The implementation in C is contained in union_find.h and union_find.c. It is a modified version of the code available from literateprograms.org. The modifications reflect the pseudo-code discussed here.

The actual code which perform the the MST and mst is contained in graph.c. It is based on the Kruskal's algorithm. The basic functions are

void Mst(size_t V, Edge *edges, size_t E,  Edge **tree, size_t *T)

and

void mst(size_t V, Edge *edges, size_t E,  Edge **tree, size_t *T)

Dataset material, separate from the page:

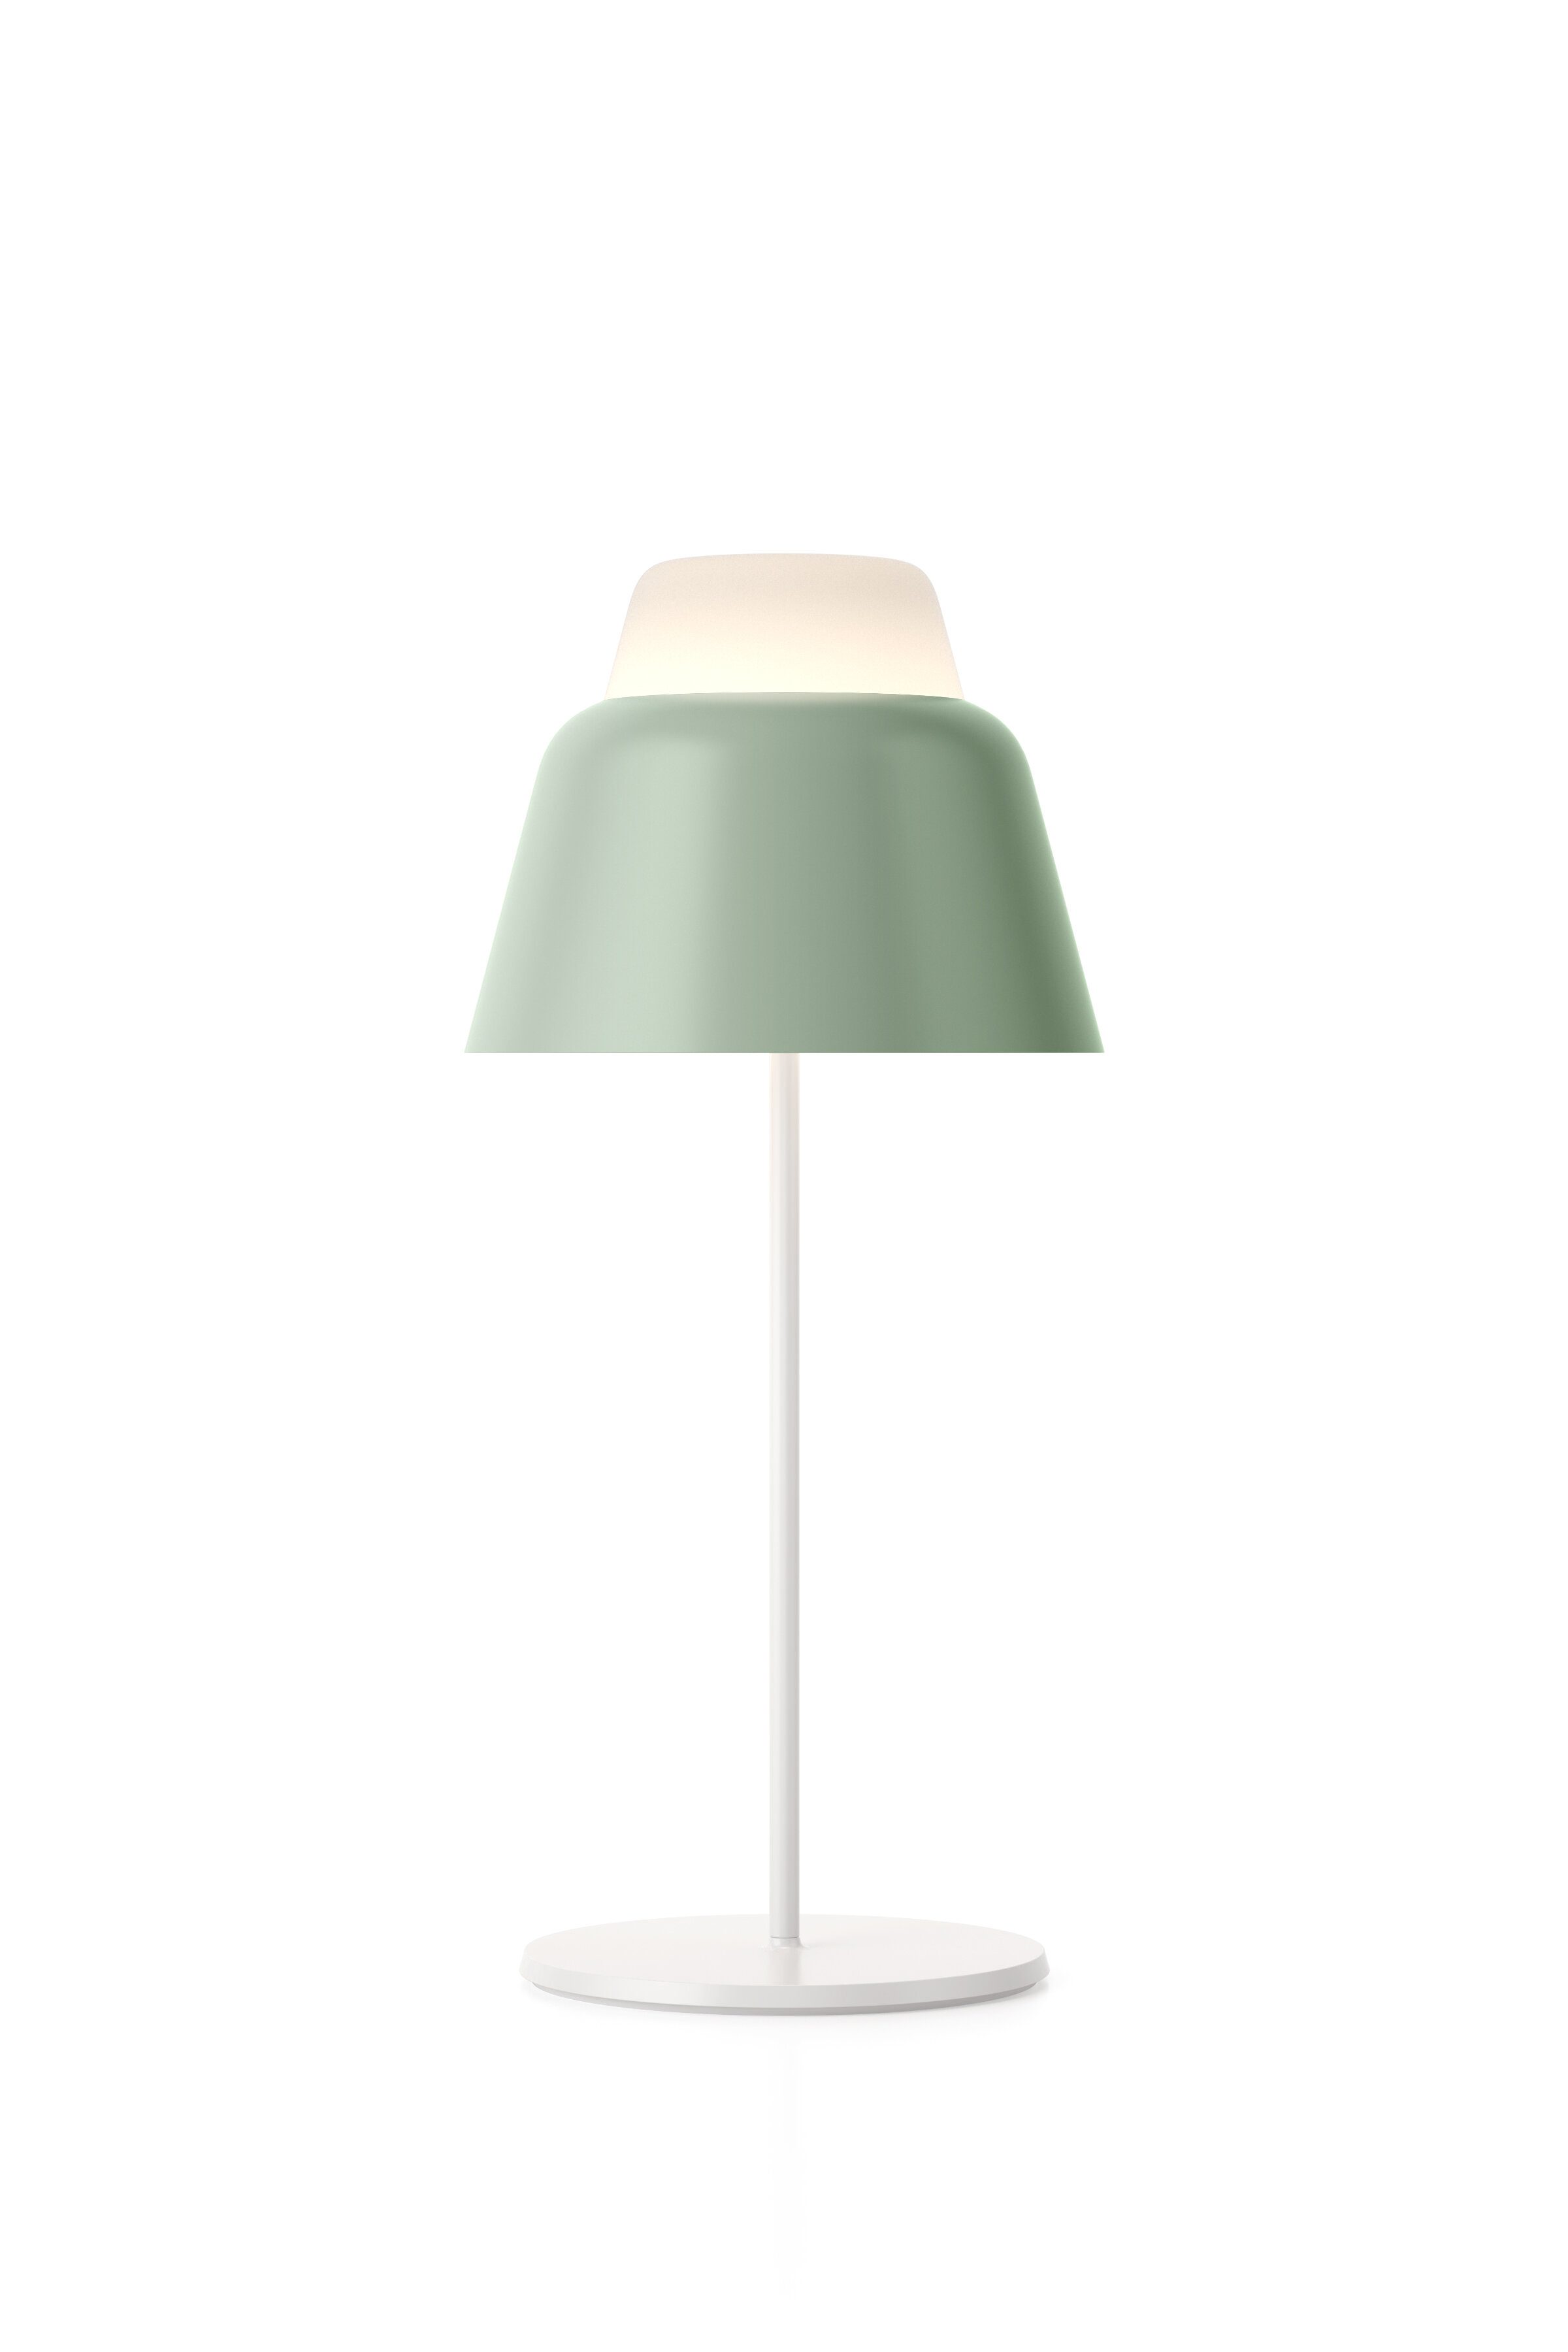 teo-modu-table-lamp-matte-lightgreen-on-cutout.jpg

which computes a Maximum and minimum spanning tree (or forest, in case of disjoint graph), respectively. The first three arguments of the function define the initial graph: V is the number of vertexes, edges is an array of Edges which define the graph and E is its length. The function store the spanning tree in the array (*) tree and its length in T. Notice that if the original graph is made of P disjoint parts, it is T=V-P. If the graph is connected, then P=1 and T=V-1.

Example

As an example of the use of the routines in graph consider a simple programs which reads a graph as a list of edges from the standard input and return the minimum and maximum spanning tree

int main(){

  size_t i;

  /* initial graph */
  size_t N;     /* number of nodes */
  size_t E;     /* number of edges */
  Edge * graph=NULL; /* original graph */
  size_t orig,dest;
  double weight;

  /* spanning forest */
  Edge * tree=NULL;  /* spanning forest */
  size_t T;	/* edges in the spanning forest */
  double wt;    /* total weight of the spanning forest */

  /* load the graph */
  E=0;
  N=0;
  while(scanf("%zd %zd %lf",&orig,&dest,&weight) != EOF){
    E++;
    if(orig>N) N=orig;
    if(dest>N) N=dest;
    graph = (Edge *) realloc(graph,E*sizeof(Edge));
    graph[E-1].orig = orig;
    graph[E-1].dest = dest;
    graph[E-1].weight = weight;
  }

  /* compute the minimum spanning tree */
  mst(N,graph,E,&tree,&T);

  /* output the result */
  printf("#minimum spanning tree\n");
  wt=0;
  for(i=0;i<T;i++){
    printf("%zd %zd %f\n",tree[i].orig,tree[i].dest,tree[i].weight);
    wt += tree[i].weight;
  }
  printf("#total weight = %f\n",wt);

  /* compute the maximum spanning tree */
  Mst(N,graph,E,&tree,&T);

  /* output the result */
  printf("#maximum spanning tree\n");
  wt=0;
  for(i=0;i<T;i++){
    printf("%zd %zd %f\n",tree[i].orig,tree[i].dest,tree[i].weight);
    wt += tree[i].weight;
  }
  printf("#total wight = %f\n",wt);


  return 0;

}

The number of vertexes is obtained from the list of provided edges. Download the example spanntree.c and compile it using

gcc spanntree.c graph.c union_find.c -o spanntree

then run it on whatever graph you want.